A neutron star is a type of stellar remnant that is left behind after the supernova explosion of a massive star and it consists almost entirely of neutrons. With roughly the mass of the Sun packed into an object measuring just several kilometres across, a neutron star is so dense that a cubic centimetre of its material contains an average mass of a few hundred million metric tons. Such a star is supported against further gravitational collapse by quantum degeneracy pressure where no two neutrons can occupy the same quantum state simultaneously. Between a neutron star and a black hole, another possible stable state known as a quark star can exist. A quark star is even denser than a neutron star and it is made up of quarks instead of neutrons. Similar to a neutron star, quantum degeneracy pressure prevents a quark star from gravitationally collapsing into a black hole. Above roughly 2 to 3 times the mass of the Sun, gravity eventually prevails and a neutron star or quark star is expected to collapse completely to form a back hole.
This image illustrates the size of a typical
neutron star in comparison with the size of Manhattan Island.
During the gravitational collapse of a
compact star, it is possible that the ever increasing densities and
temperatures will eventually cause the distinction between electromagnetic and
weak nuclear forces to break down. When this happens, quarks are able to
convert into leptons in a process known as electroweak burning which is estimated
to last for several million years. The energy produced during electroweak burning
can be sufficient to stall the gravitational collapse of the compact star.
Throughout this period of electroweak burning, the compact star is known as an
electroweak star. Electroweak burning occurs within the core of the star, in a
small and incredible dense volume measuring just several centimetres across and
containing about twice the mass of Earth. Within this volume, the burning of quarks
produces neutrinos which flow out of the central core by diffusion. Neutrinos
cannot flow freely out of the electroweak star because the density within the
core is so high that matter is opaque even to neutrinos and the mean free paths
of all particles are small in relation to the size of the star.
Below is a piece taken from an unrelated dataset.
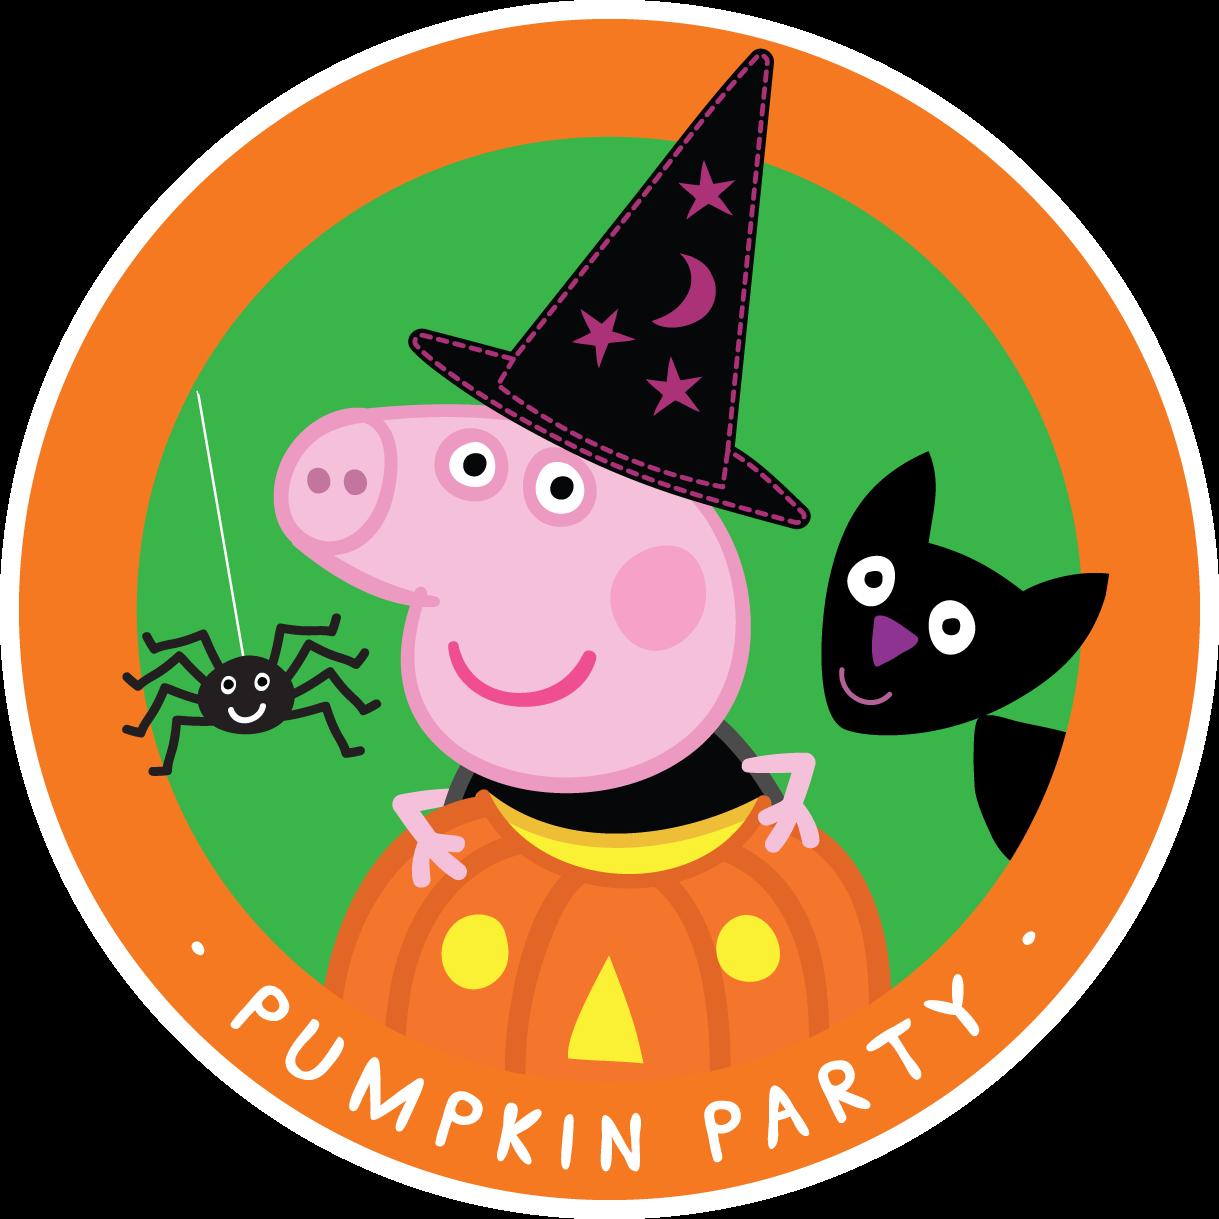 Pig halloween clipart vector transparent Peppa Pig Drawing Templates (50 Images) - Class Room Teacher vector transparent

As the neutrinos travel away from the
core of the electroweak star, both the local matter density and the energy of
the neutrinos will decrease, causing the mean free path of the neutrino
particles to increase. The decrease in neutrino energy as a neutrino travel
towards the surface of the star is due to gravitational redshift and the opacity
of the high density medium through which the neutrino is travelling through. At
a certain distance from the centre of the electroweak star, the neutrino’s mean
free path will exceed the thickness of the star’s overlying matter. This
distance denotes the position of the neutrinosphere and neutrinos crossing this
boundary will freely leave the star. As such, there is no backward flow of
neutrinos beyond the neutrinosphere. The radial position of the neutrinosphere
from the centre of the electroweak star is directly proportional to the initial
energy of the neutrinos that are produced from electroweak burning in the star’s
core.
A model by De-Chang Dai et al. (2011) consists
of an electroweak star with 1.3 times the mass of the Sun and a radius of 8.2
kilometres. If the initial neutrino energy is 300GeV, the radius of the neutrinosphere
will be 8.1 kilometres, which places it not far under the surface of the star.
This is consistent with the electroweak burning process since it produces
neutrinos with energies around 300GeV. For the modelled electroweak star, its
minimum lifespan is estimated to be on the order of 10 million years.
Electroweak stars are an interesting new class of exotic astrophysical bodies.
However, a lot more investigation is still needed to see if such objects can
indeed be created from the natural processes of stellar evolution and if they
can burn stably for extended periods of time.